DATA EXCERPT =

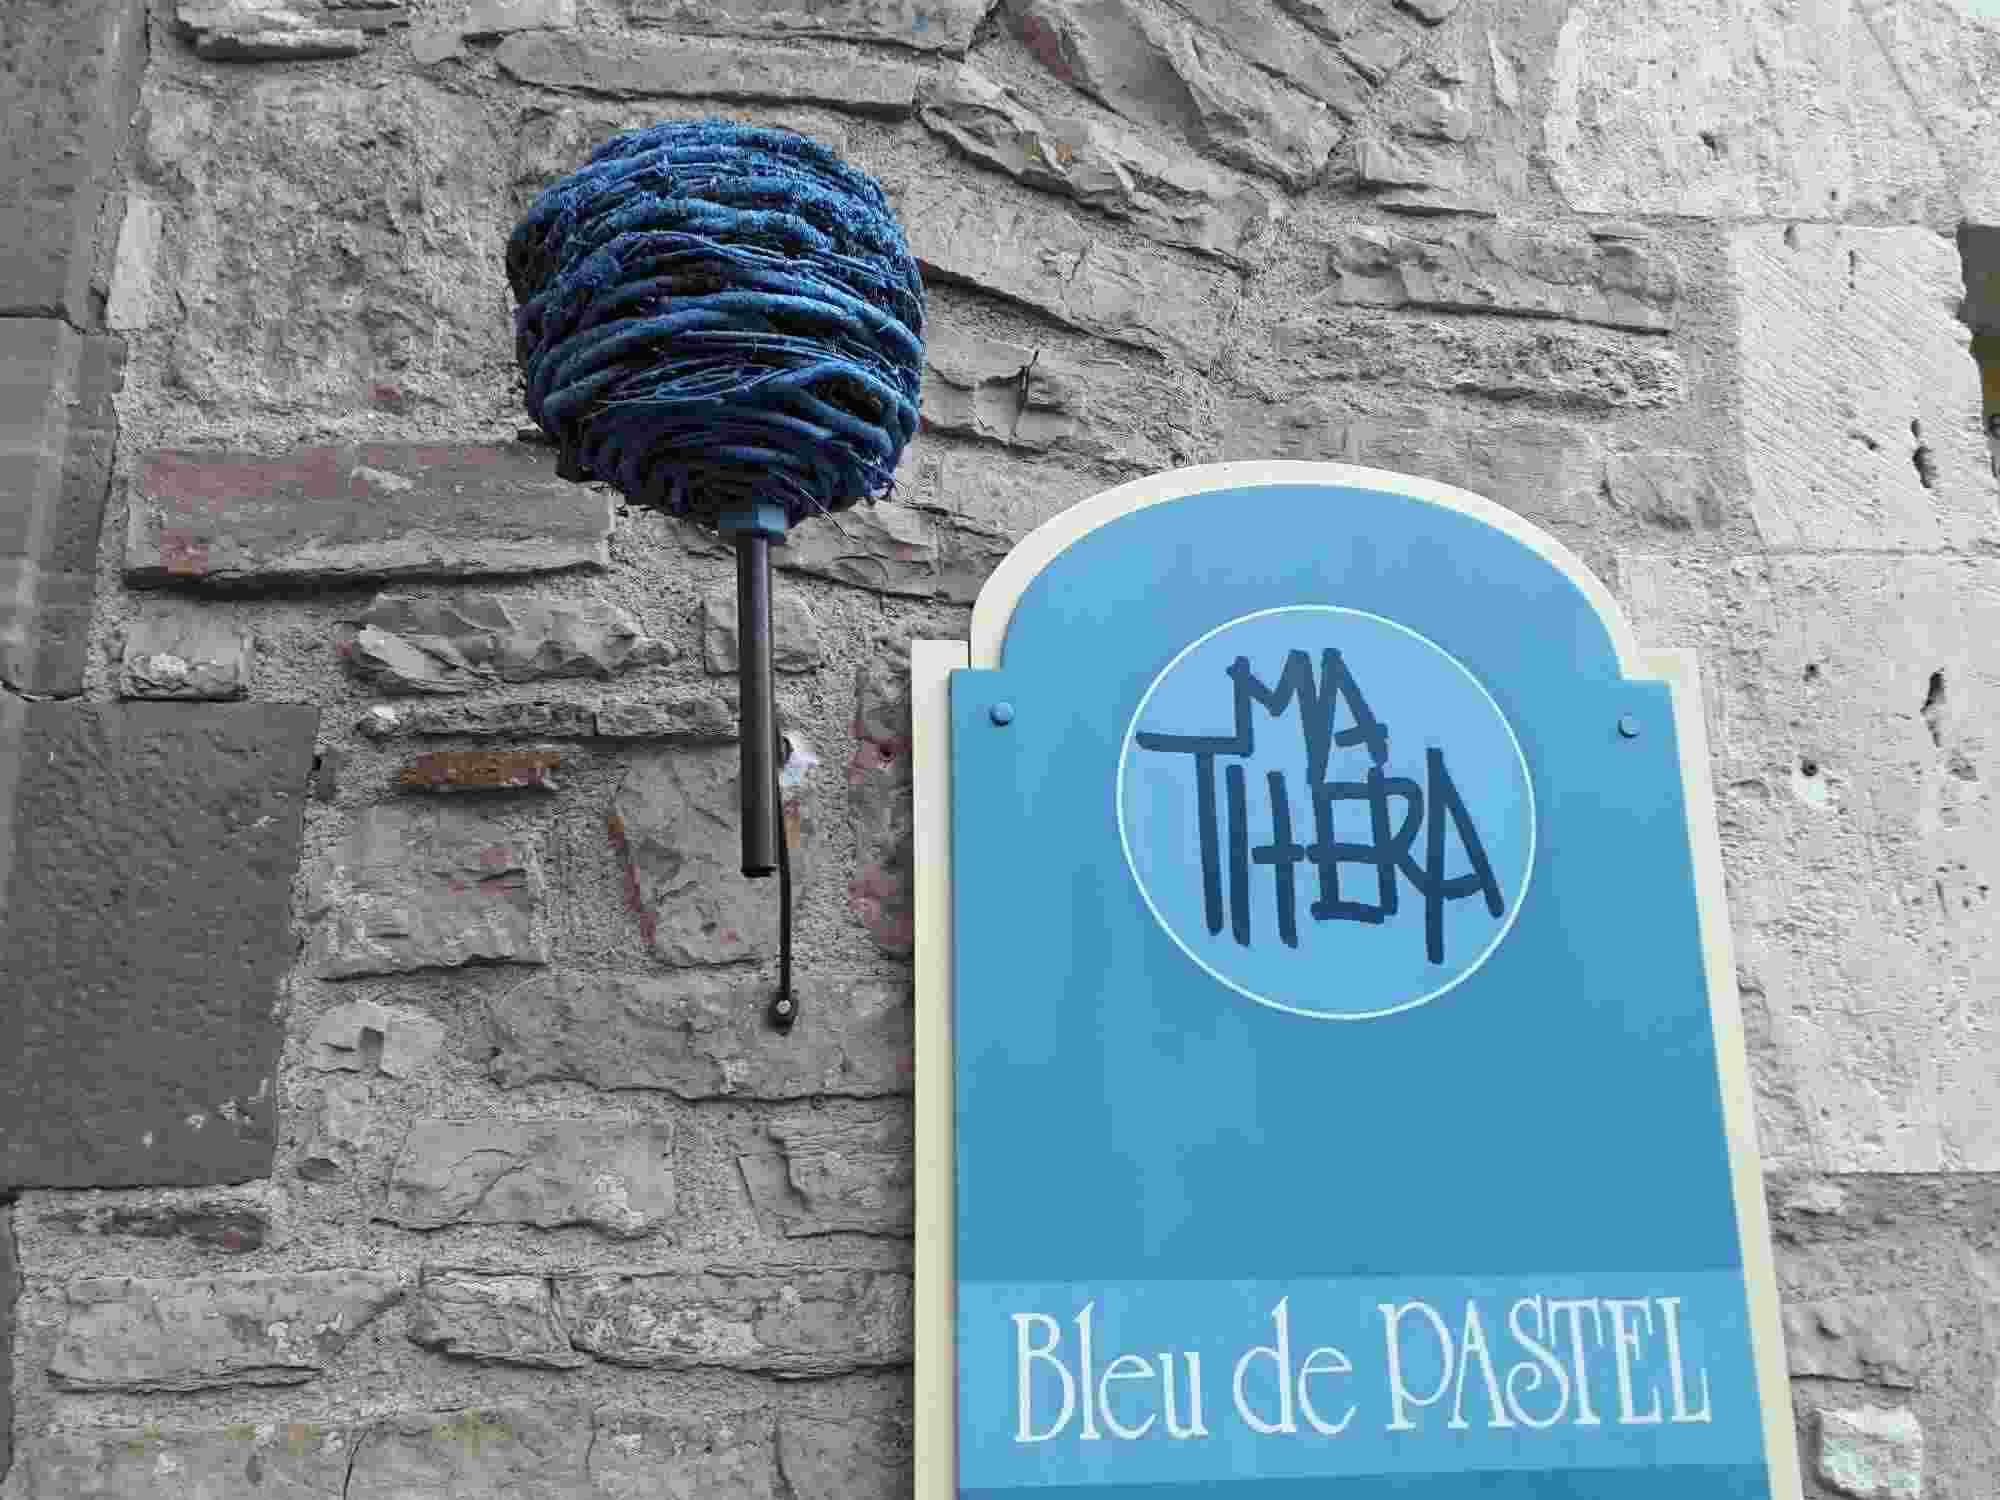 El tinte azul pastel marcó una etapa mítica en la ciudad de Toulouse y se elabora con las cocagnes fabricadas con las hojas del glasto
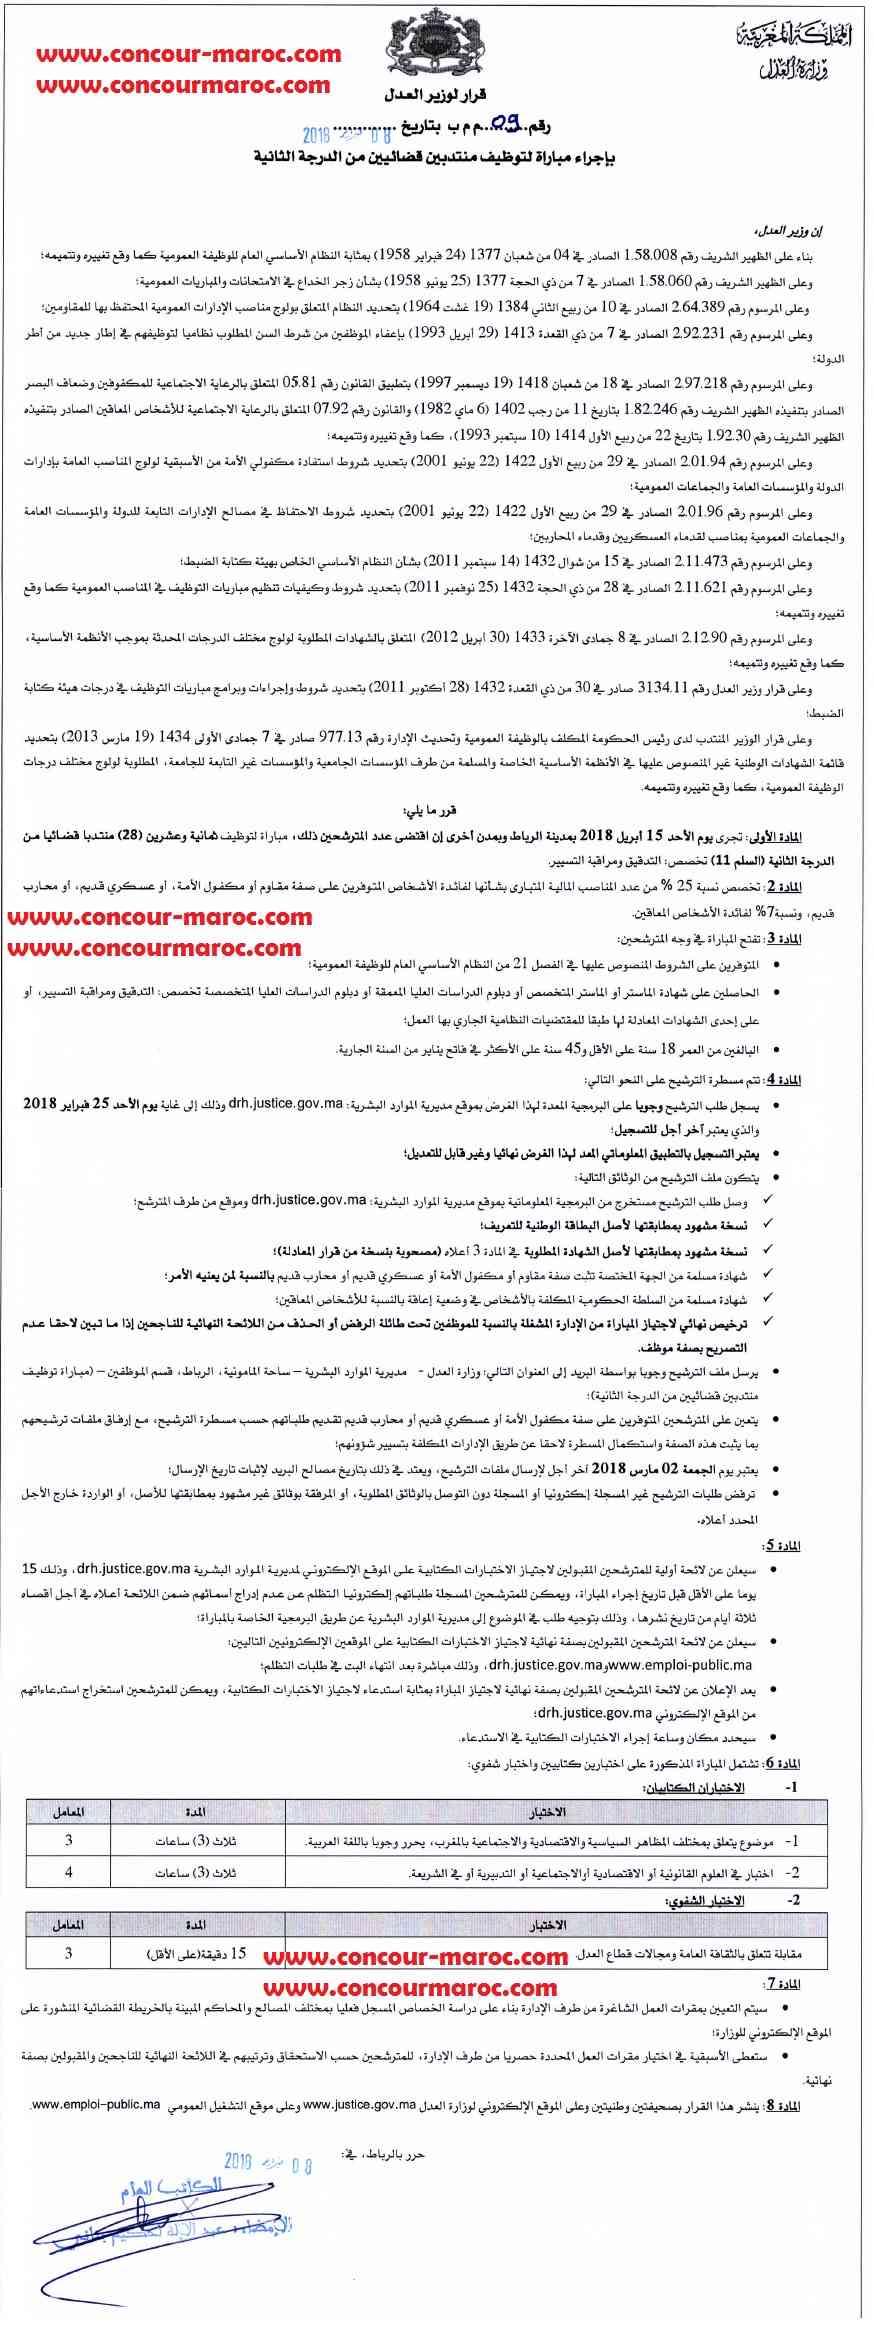 وزارة العدل : مباراة لتوظيف 28 منتذب قضائي من الدرجة الثانية 25 فبراير 2018 آخر أجل للتسجيل الإلكتروني Minist17
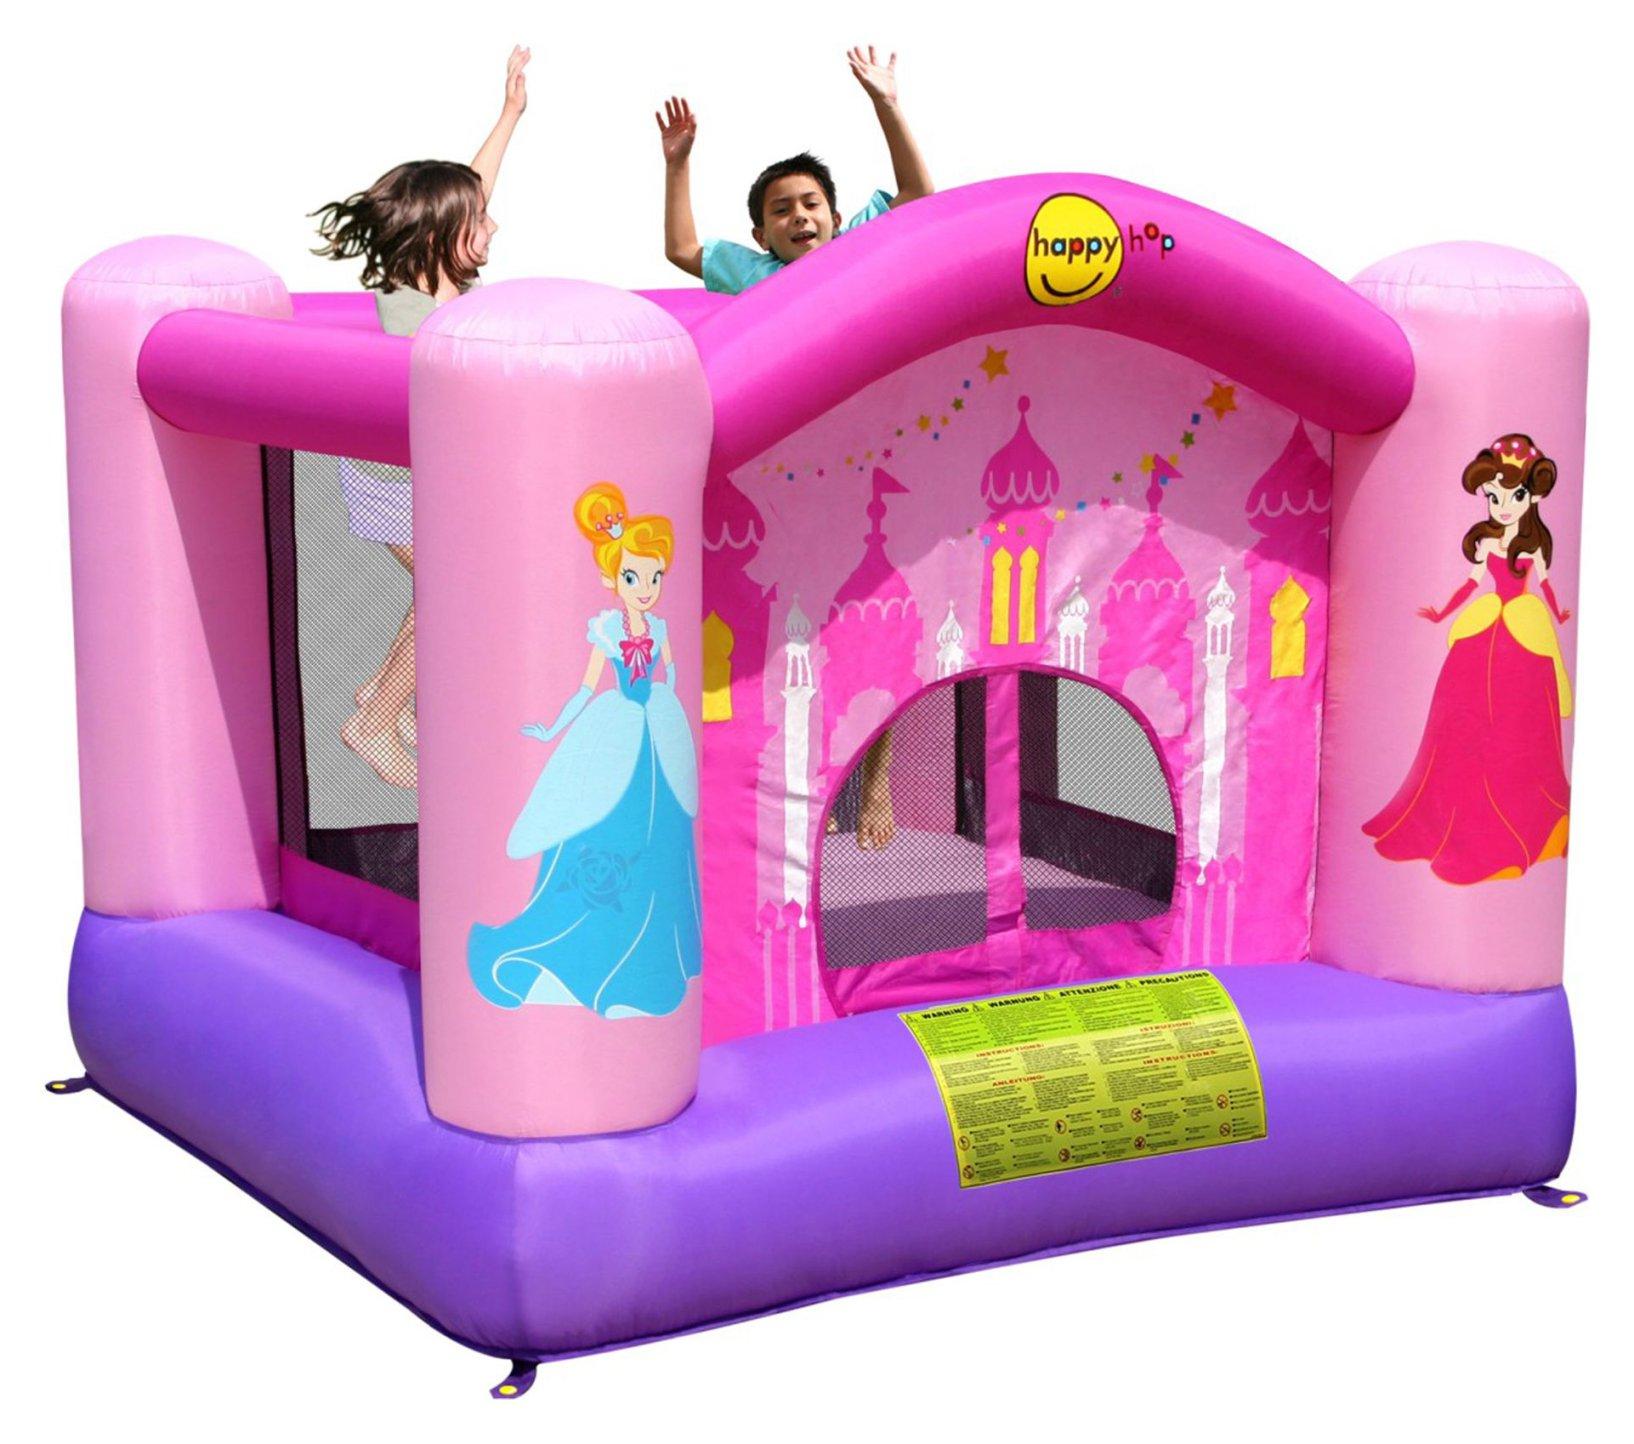 Надувной батут Веселая Принцесса 9001Р надувной батут вокруг света 9070n happy hop
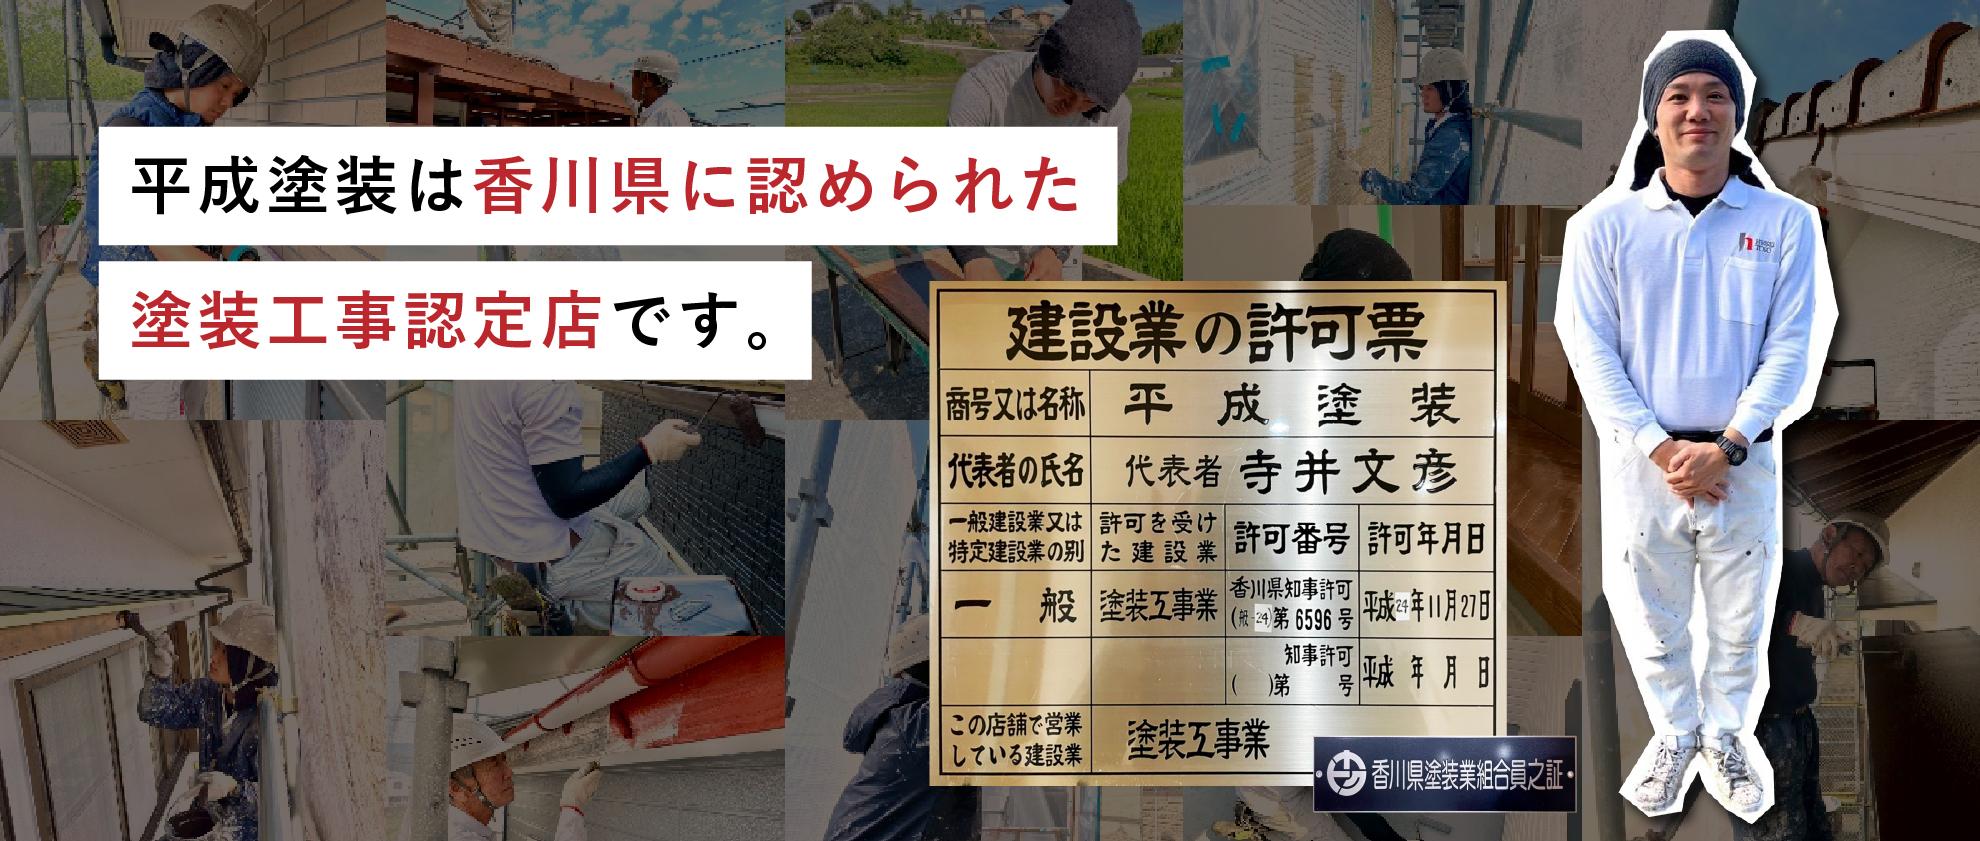 平成塗装は香川県に認められた塗装工事認定店

WORK ITEM = Quote the material word for word, dropping any images it holds.

SOLUTION TO THE PROBLEM =
 El tinte azul pastel marcó una etapa mítica en la ciudad de Toulouse y se elabora con las cocagnes fabricadas con las hojas del glasto
 وزارة العدل : مباراة لتوظيف 28 منتذب قضائي من الدرجة الثانية 25 فبراير 2018 آخر أجل للتسجيل الإلكتروني Minist17
 Надувной батут Веселая Принцесса 9001Р надувной батут вокруг света 9070n happy hop
 平成塗装は香川県に認められた塗装工事認定店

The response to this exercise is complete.